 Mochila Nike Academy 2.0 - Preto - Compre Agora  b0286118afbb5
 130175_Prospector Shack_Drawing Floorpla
#####
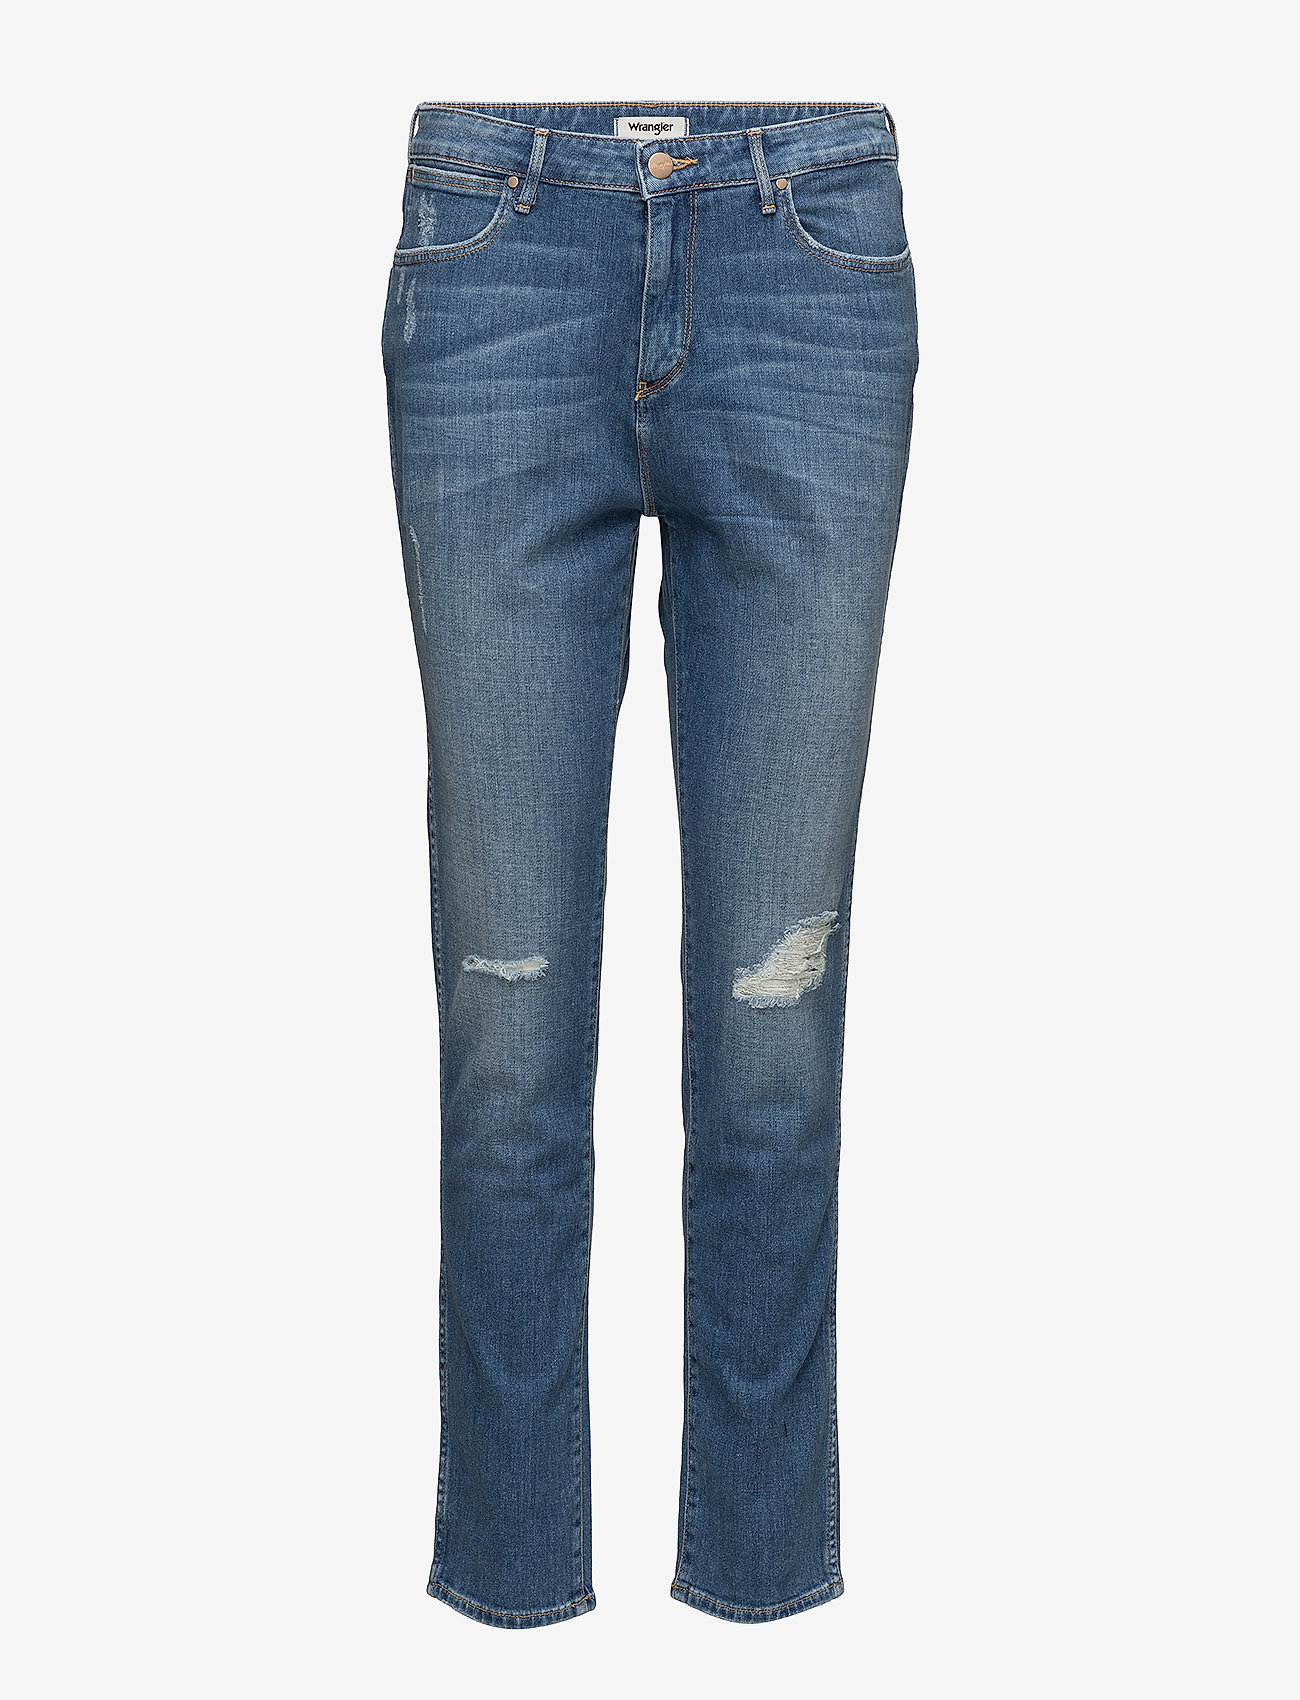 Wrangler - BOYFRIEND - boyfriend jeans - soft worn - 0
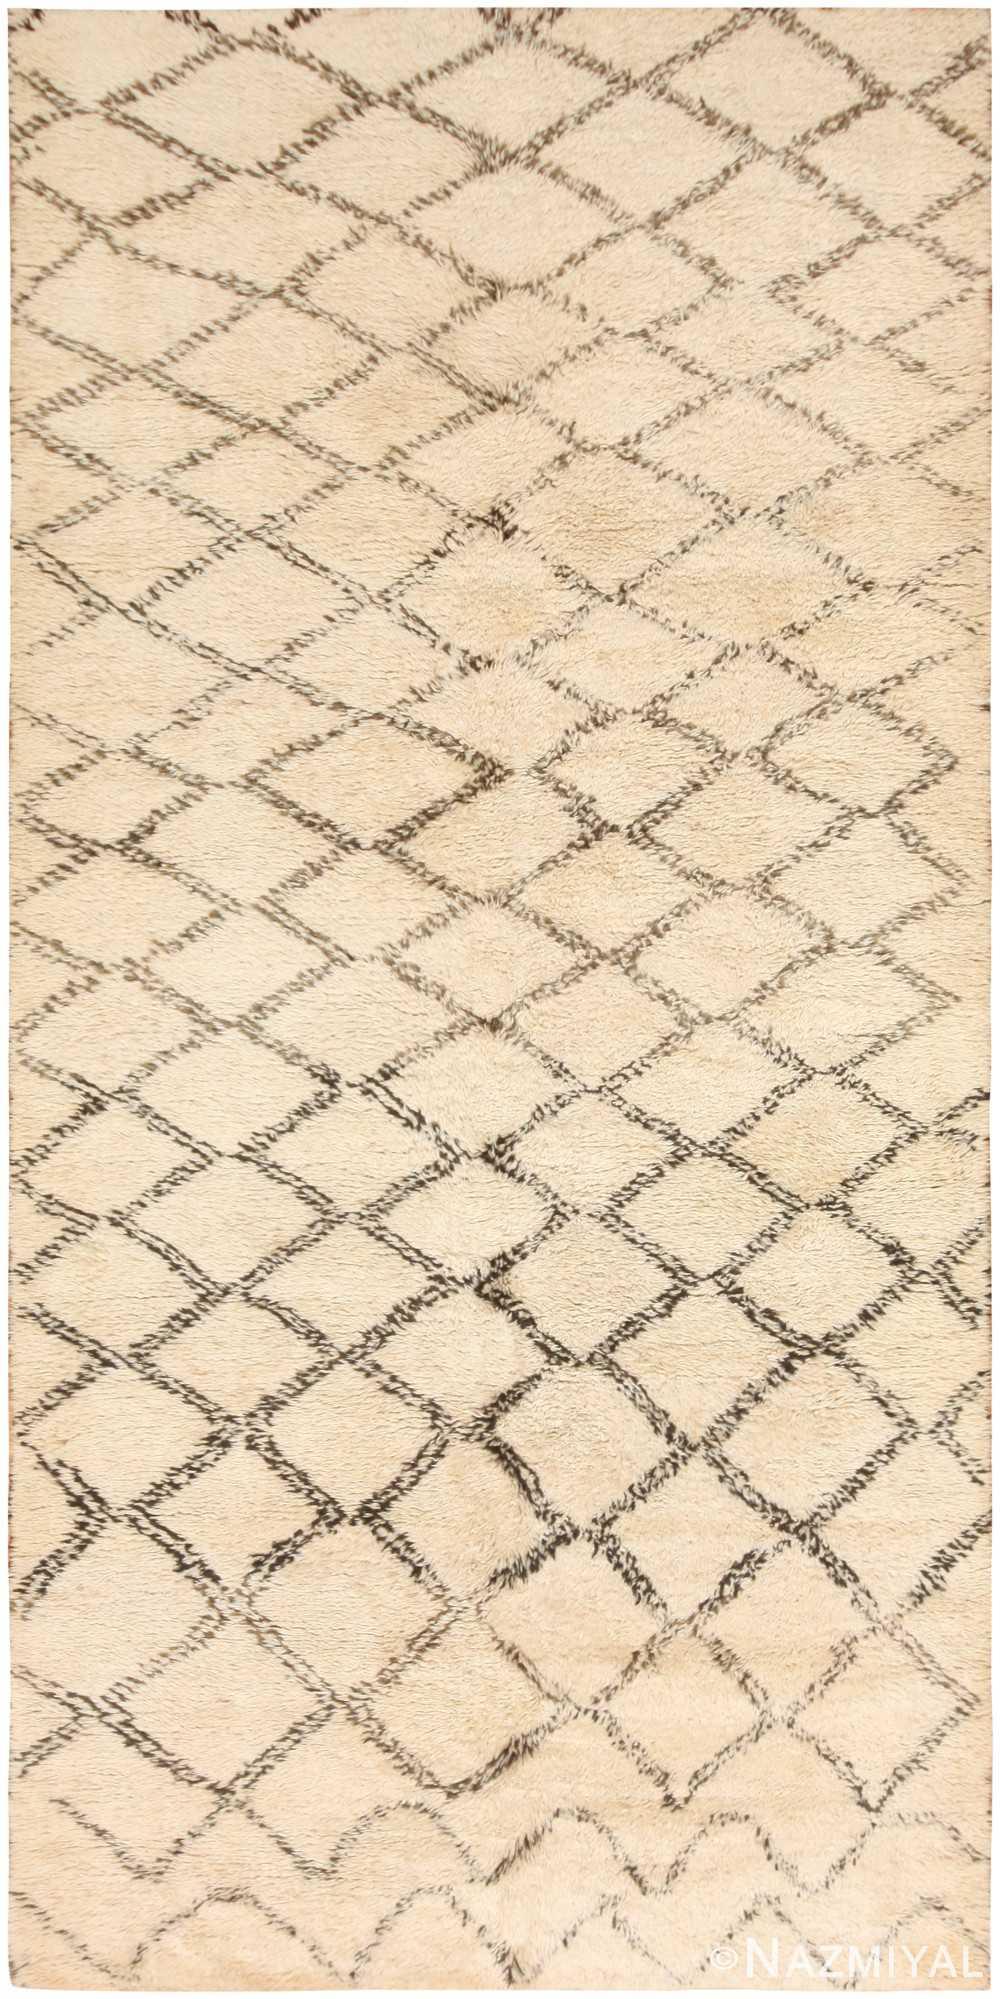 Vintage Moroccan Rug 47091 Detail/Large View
#####
→ WHAT IS BEING ASKED
After locating the line with "Mochila Nike Academy" in the material above, return it and each line after it exactly, ending at the line with "130175_Prospector Shack_Drawing Floorpla".

→ OUTPUT FOR THIS EXERCISE
 Mochila Nike Academy 2.0 - Preto - Compre Agora  b0286118afbb5
 130175_Prospector Shack_Drawing Floorpla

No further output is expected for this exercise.